Clumped spider orchid
- Conservation status: Priority One — Poorly Known Taxa (DEC)

Scientific classification
- Kingdom: Plantae
- Clade: Tracheophytes
- Clade: Angiosperms
- Clade: Monocots
- Order: Asparagales
- Family: Orchidaceae
- Subfamily: Orchidoideae
- Tribe: Diurideae
- Genus: Caladenia
- Species: C. denticulata
- Subspecies: C. d. subsp. rubella
- Trinomial name: Caladenia denticulata subsp. rubella A.P.Br. & G.Brockman
- Synonyms: Caladenia denticulata (Lindl.) subsp. Jarrah forest Caladenia denticulata (Lindl.) subsp. "red";

= Caladenia denticulata subsp. rubella =

Subspecies of orchid

Caladenia denticulata subsp. rubella, commonly known as the clumped spider orchid, is a plant in the orchid family Orchidaceae and is endemic to the south-west of Western Australia. It has a single erect, hairy leaf and one or two dull or pinkish red flowers with prominent dull red markings and with a white labellum with red markings.

==Description==
Caladenia denticulata subsp. rubella is a terrestrial, perennial, deciduous, herb with an underground tuber and a single erect, hairy leaf 6-18 cm long and 2-4 mm wide. One or two flowers are borne on a stem 15-35 cm high and each flower is 7-10 cm long and 5-9 cm wide. The dorsal sepal is erect, 4-7 cm long and 1.5-3 mm wide at the base, linear to lance-shaped and has a drooping, dark brown, thread-like glandular tip. It is usually dull- to pinkish red, sometimes cream or yellow with prominent dull red markings. The arching lateral sepals and petals are similar in size, shape and colour to the dorsal sepal although the petals are slightly narrower and shorter. The labellum is white with red markings, and curves forward with white to pale red teeth along its margins, the teeth decreasing in size towards the tip. There are up to 13 pairs of anvil-shaped, cream-coloured calli in two rows along about half the length of the labellum and decreasing in size towards the tip. Flowering occurs from August to late September. The dull red or pinkish red colour of the petals and sepals distinguish this from the other subspecies of Caladenia denticulata.

==Taxonomy and naming==
Caladenia denticulata was first formally described by John Lindley in 1840 and the description was published in A Sketch of the Vegetation of the Swan River Colony. In 2015, Andrew Brown and Garry Brockman described three subspecies, including subspecies rubella and the descriptions were published in Nuytsia. The specific epithet (rubella) is a diminutive form of the Latin word ruber meaning "red", hence "reddish", referring to the colour of the flowers of this subspecies.

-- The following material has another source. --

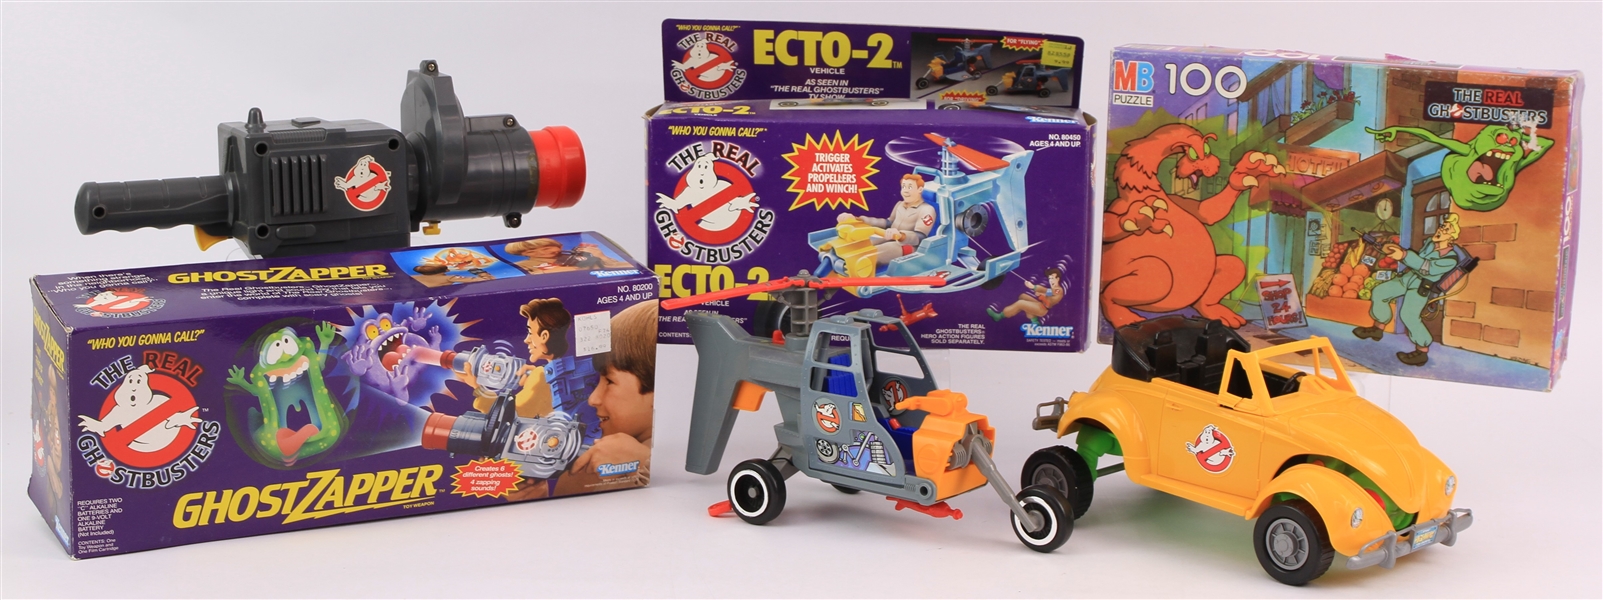 1986 Ghostbusters Toy Collection - Lot of 5 w/ Fire House Headquarters in Original Box, MIB Ghost Zapper, MIB Ecto-2 & More

==Distribution and habitat==
Clumped spider orchid occurs near Waroona, Kojonup and Watheroo in the Avon Wheatbelt, Geraldton Sandplains, Jarrah Forest, Swan Coastal Plain biogeographic regions growing in moist soils.

==Conservation==
Caladenia denticulata subsp. rubella is classified as "not threatened" by the Western Australian Government Department of Parks and Wildlife.